→ **What to produce**
Find, in the records below, the line that contains "Weelittlestitches contemporary cross" and the line that contains "Ohio Nonprofit COVID-19". Copy those two lines and everything between them exactly, but not the pictures.

→ **Records supplied**
################

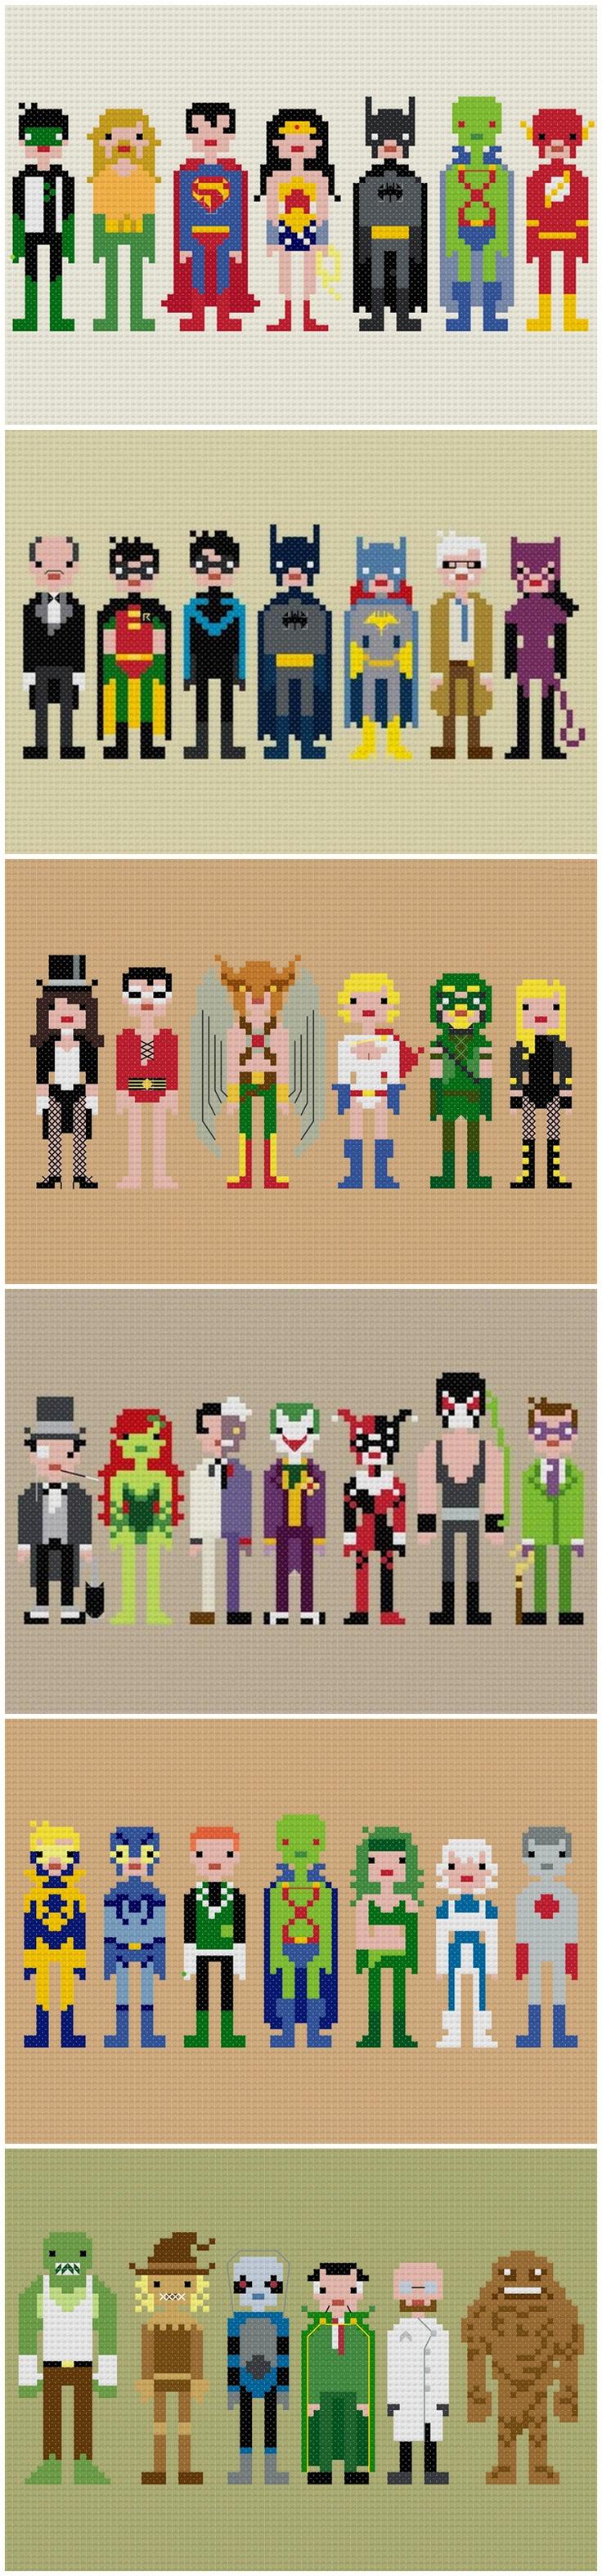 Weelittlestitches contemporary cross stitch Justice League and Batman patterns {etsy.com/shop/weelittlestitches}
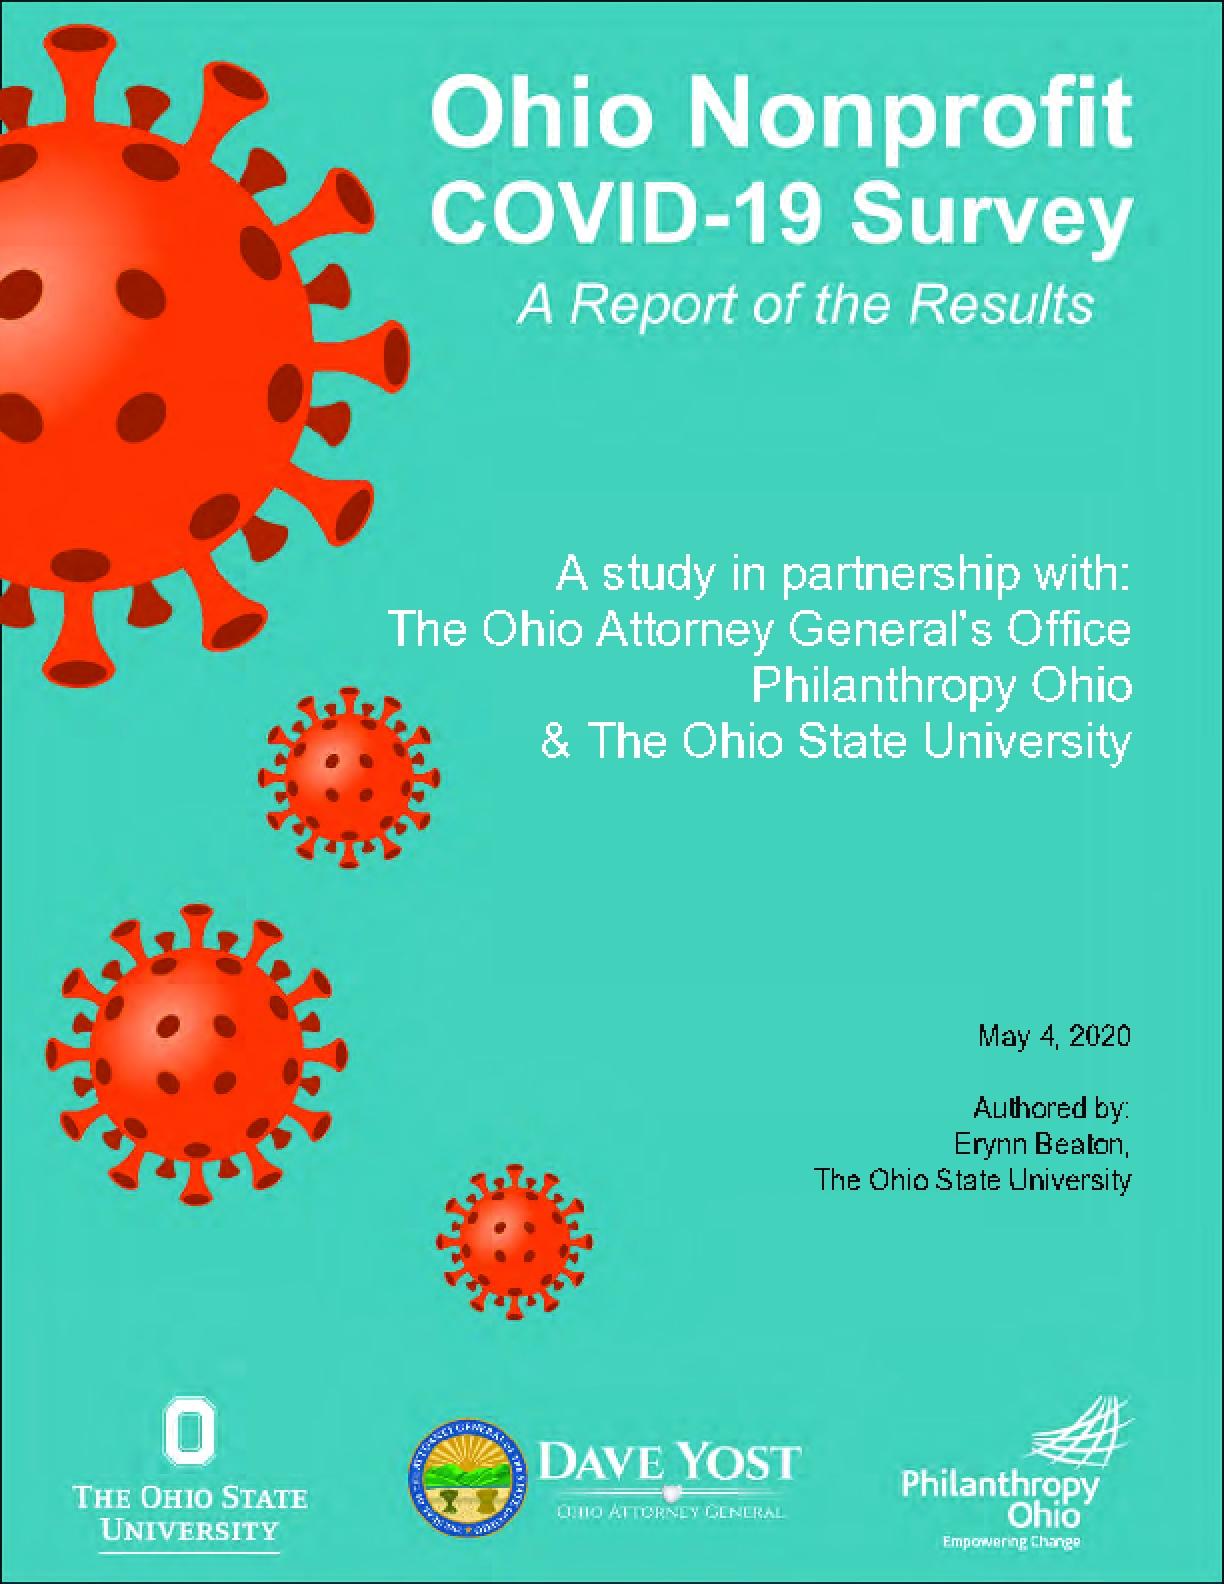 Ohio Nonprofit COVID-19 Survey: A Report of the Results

################

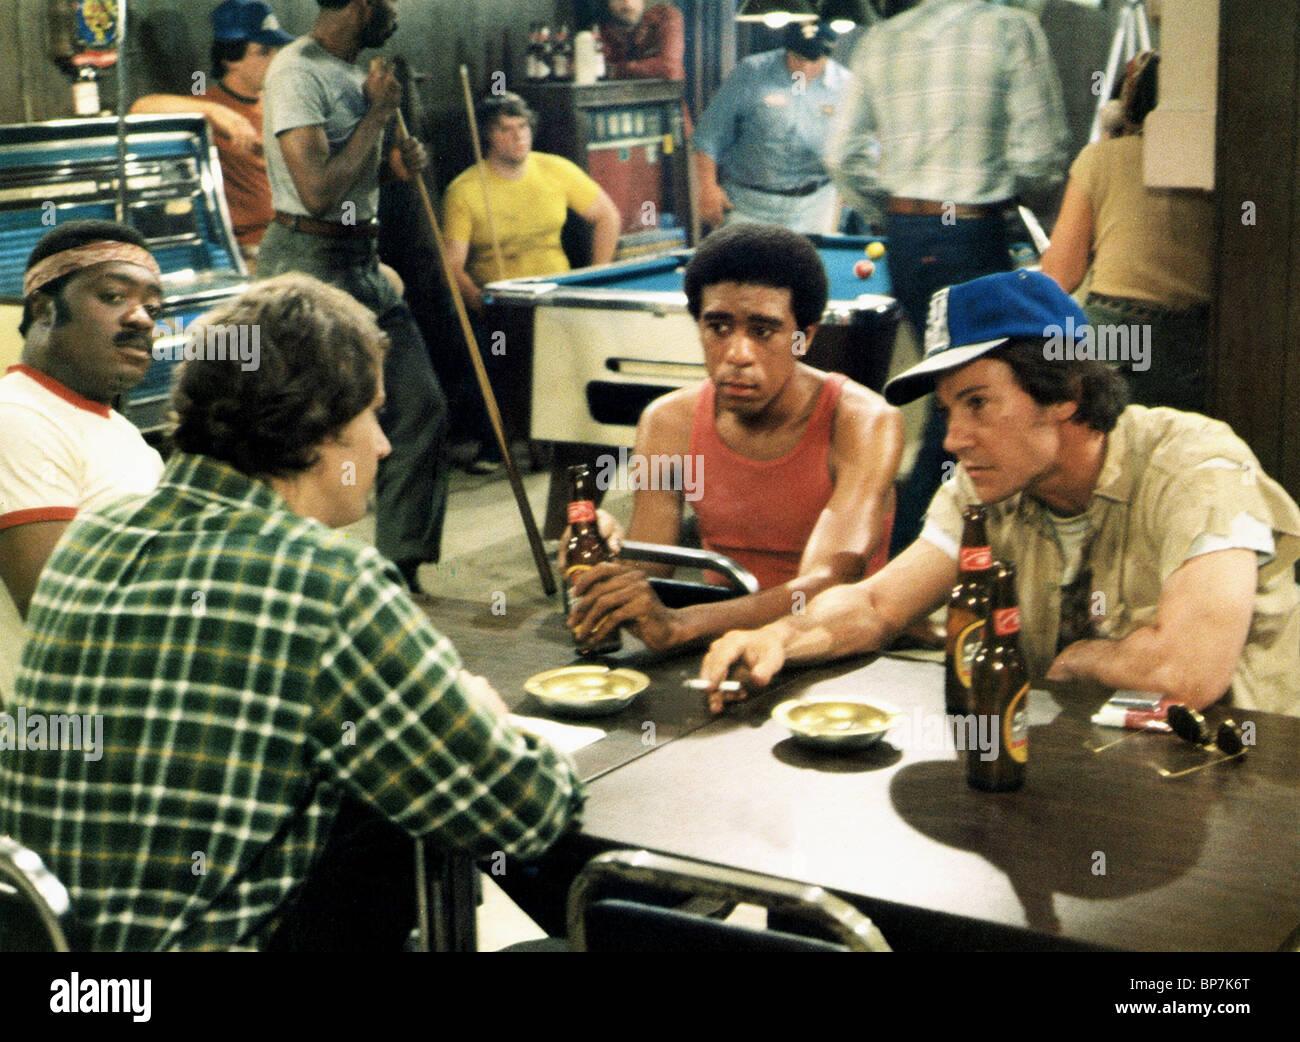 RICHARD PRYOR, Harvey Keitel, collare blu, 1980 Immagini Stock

################

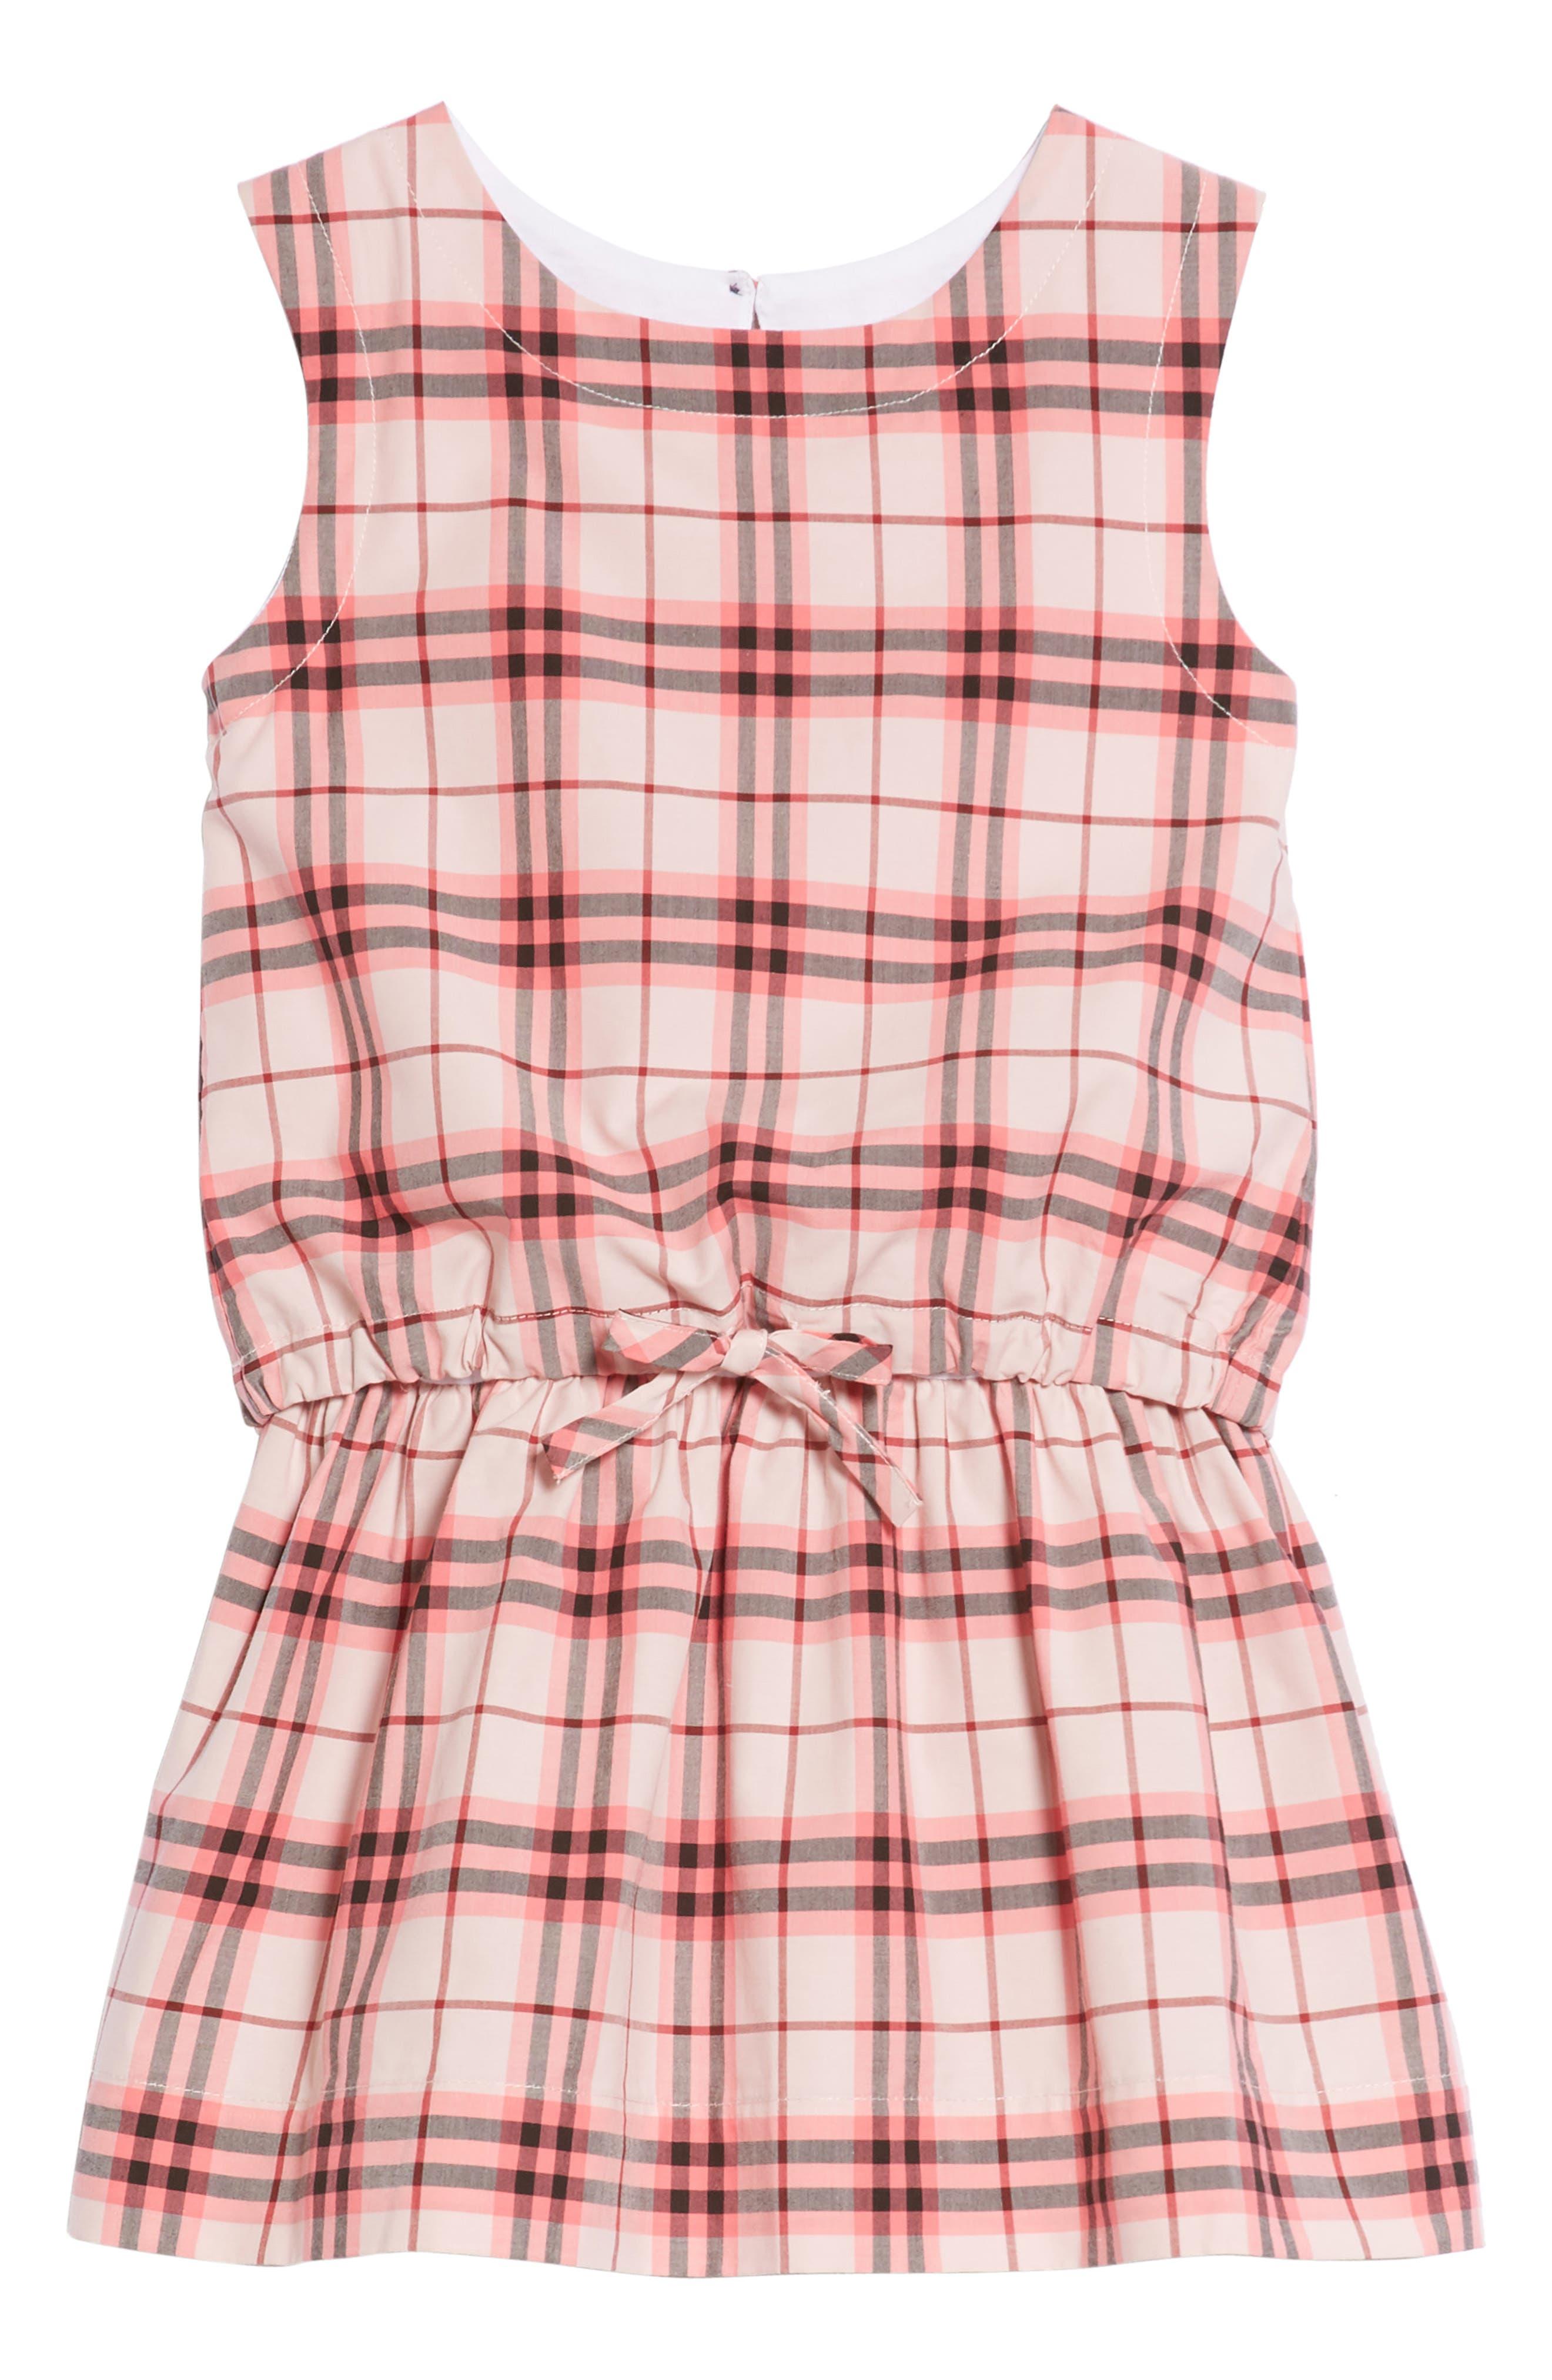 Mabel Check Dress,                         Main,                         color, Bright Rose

################

→ **Finished exercise**
 Weelittlestitches contemporary cross stitch Justice League and Batman patterns {etsy.com/shop/weelittlestitches}
 Ohio Nonprofit COVID-19 Survey: A Report of the Results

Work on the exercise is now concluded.